On Saturday, Jonathan Roberts, a lawyer representing Mr. Duprey’s family, said in a statement that Mr. Duprey had been “a loving partner, father and son who provided financial and emotional support to his family.”

He added that “nothing can mitigate this family’s pain, but the individual who committed this heinous act must be held accountable.”

Sergeant Duran’s lawyer, Andrew C. Quinn, said there was more to the situation than the video clip showed.

“What is indisputably clear is that the deceased, who was intent on evading arrest for selling drugs to an undercover officer, was speeding on a motorbike in an incredibly dangerous manner down a crowded sidewalk, jeopardizing the life and safety of everyone there,” Mr. Quinn said in a statement on Friday. “Once a full and complete investigation is conducted, we are fully confident that Sergeant Duran will be exonerated of any misconduct or wrongdoing.”

The swift suspension of Sergeant Duran, 35, a 13-year police veteran, provoked pushback within the department. One high-ranking officer said Sergeant Duran “had attempted to make a lawful arrest” and that using a cooler to stop Mr. Duprey was equivalent to “closing the door” to prevent someone from leaving.

The state attorney general’s office did not immediately respond to questions on Saturday about the possibility of criminal charges against Sergeant Duran.

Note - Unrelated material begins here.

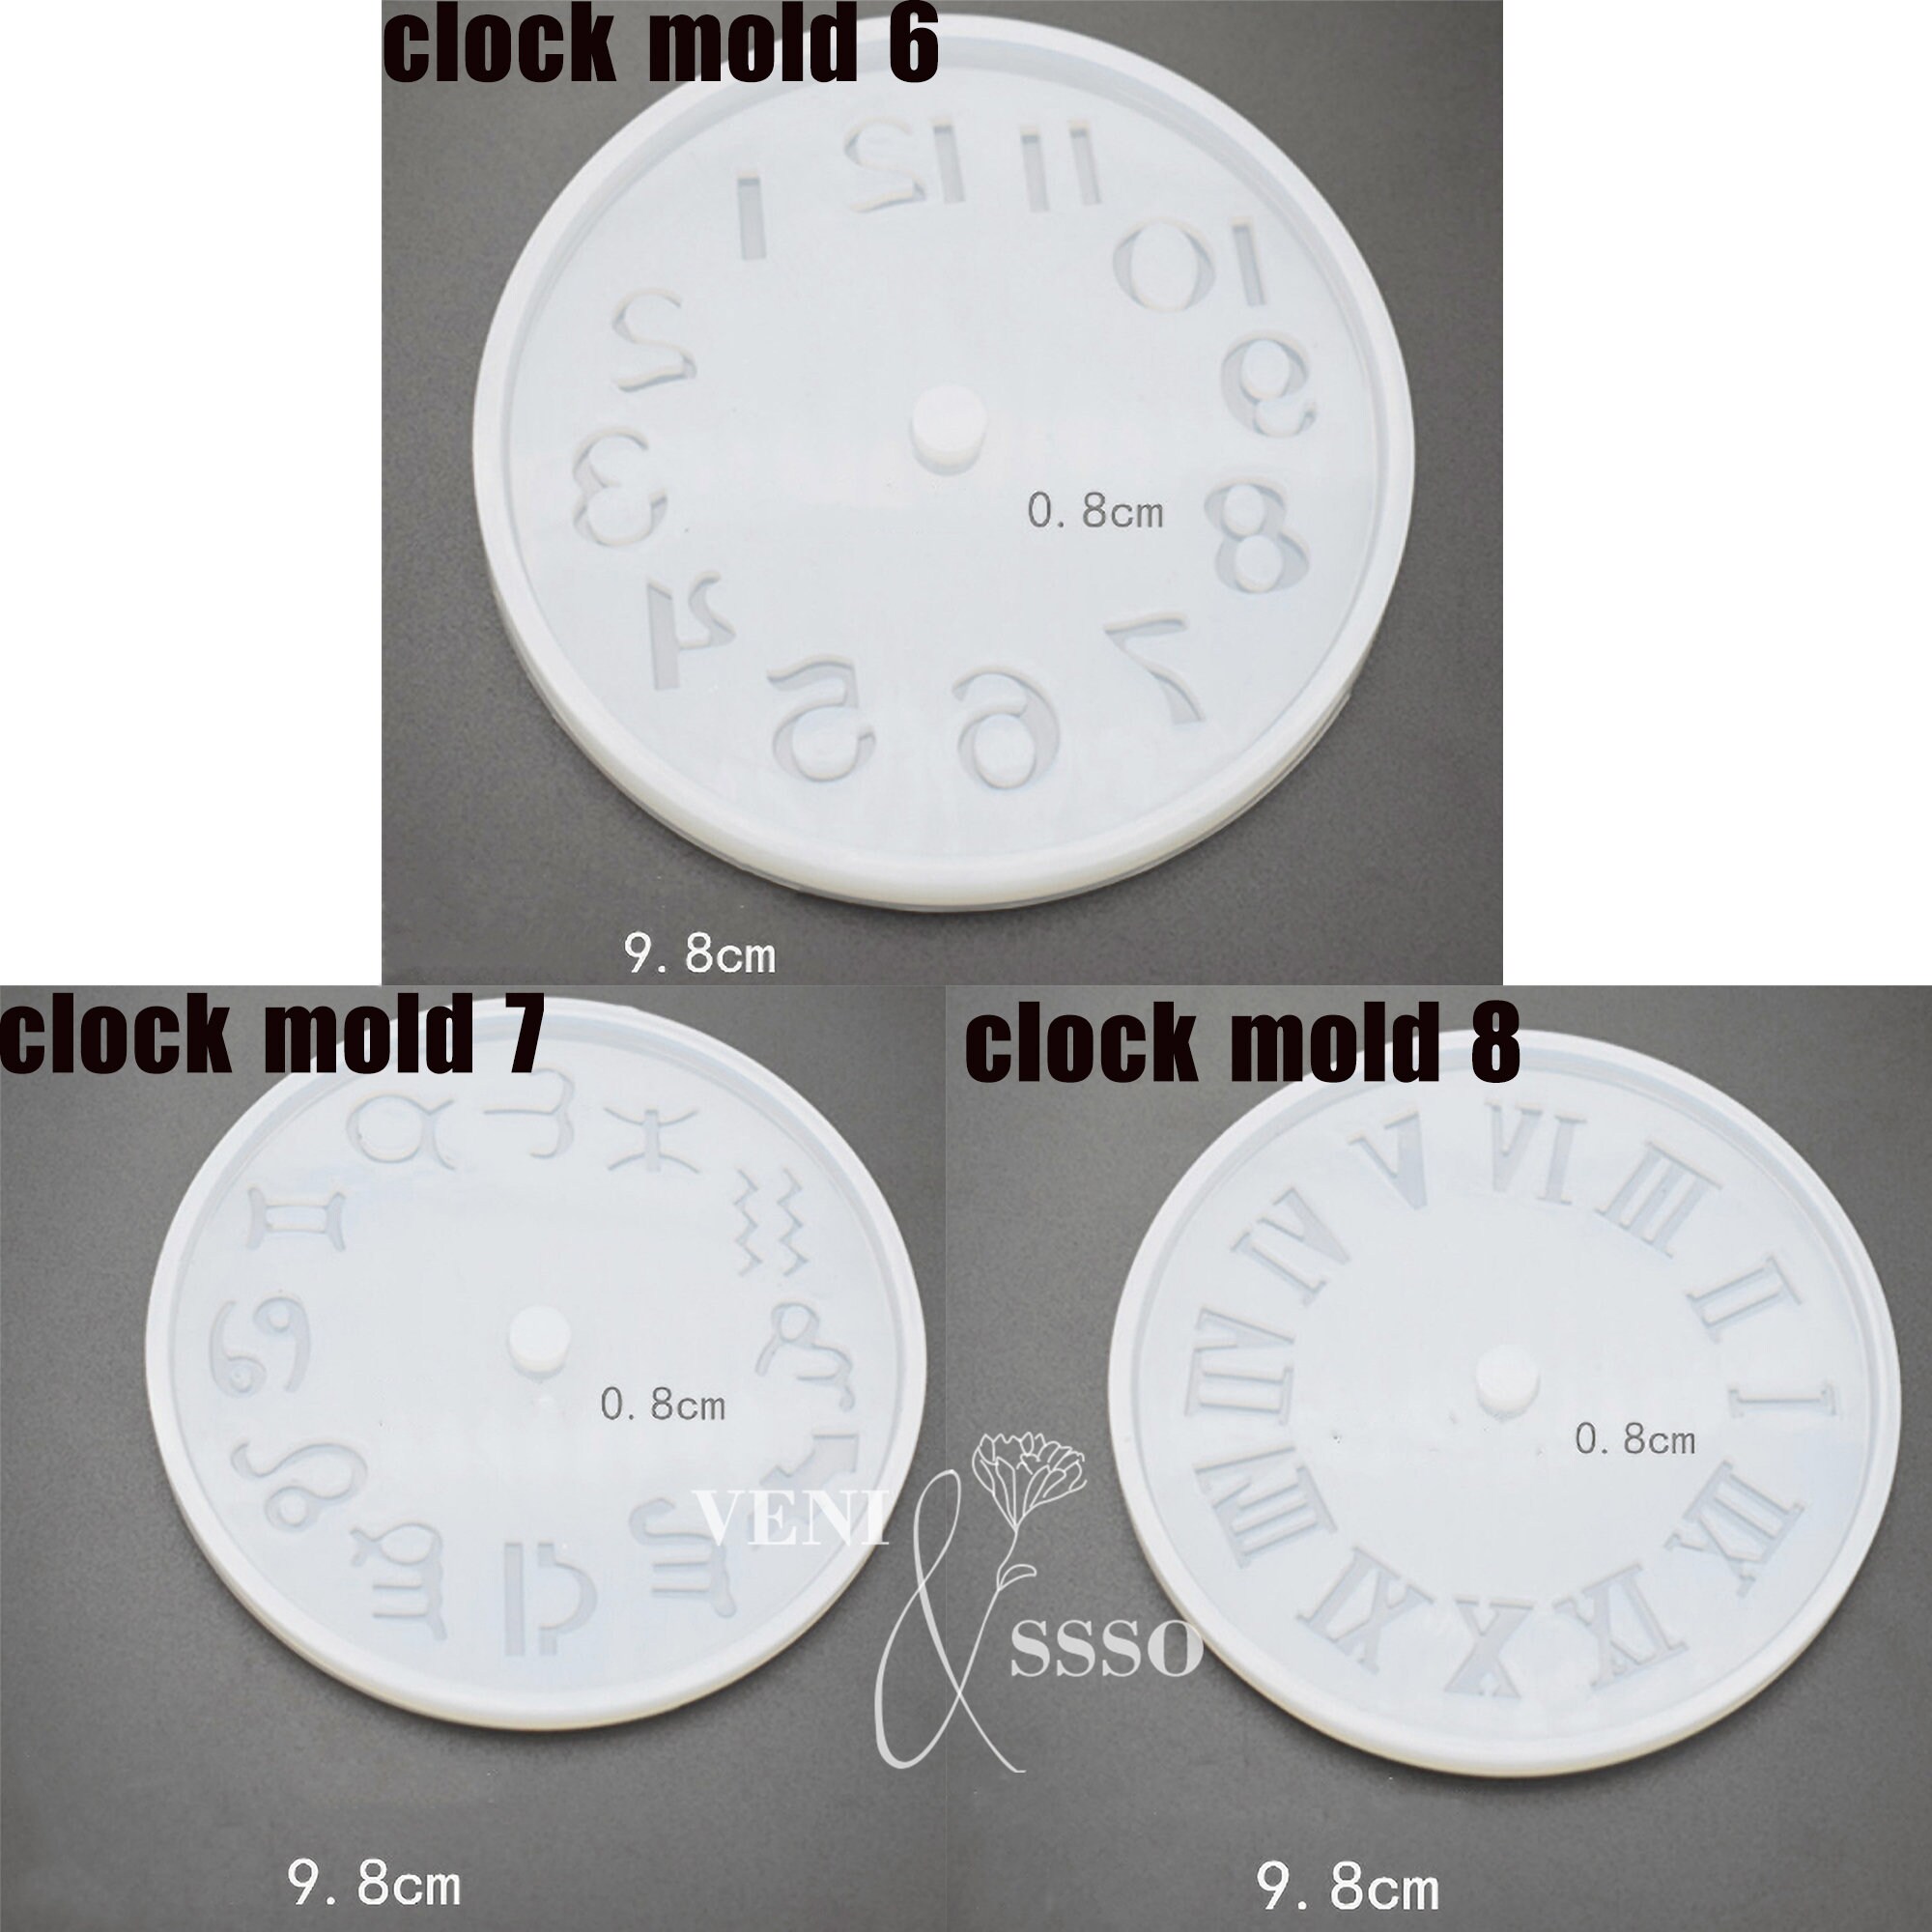 9.8cm Silicone Clock Mold Clock Resin Silicone Mold Casting Tools

It was unclear whether the sergeant’s actions violated rules laid out in the Police Department’s patrol guide. A department spokesman did not immediately respond to a request for comment on Saturday.

Because police officers face many unforeseeable circumstances in the field, the department does not always have specific guidance on what officers should and should not do in response to volatile situations or when they perceive a threat to themselves or others, said Maria Haberfeld, the chair of the Department of Law, Police Science and Criminal Justice Administration at John Jay College of Criminal Justice.

“This is not something that you’re going to see in the patrol guide, that you can pick up a cooler and throw it,” she said.

On Saturday afternoon, dozens of people joined activists for a small rally at the site of Mr. Duprey’s death. Many arrived on motorbikes, which they parked in a long row down the sidewalk.

Chivona Newsome, a founder of Black Lives Matter of Greater New York, called on the state attorney general to charge Sergeant Duran with murder.

“He needs to be charged the same way as if I threw a cooler at someone,” she said.

A day earlier, Mr. Rodriguez held solemn court at a memorial for Mr. Duprey, which included bouquets of flowers, bottles of Corona beer and tequila, many dozens of colorful votive candles, and blown-up color photos of Mr. Duprey with his wife and two young children.

“I want justice for my brother,” Mr. Rodriguez said. “I want that officer locked in jail.”

Chelsia Rose Marcius contributed reporting.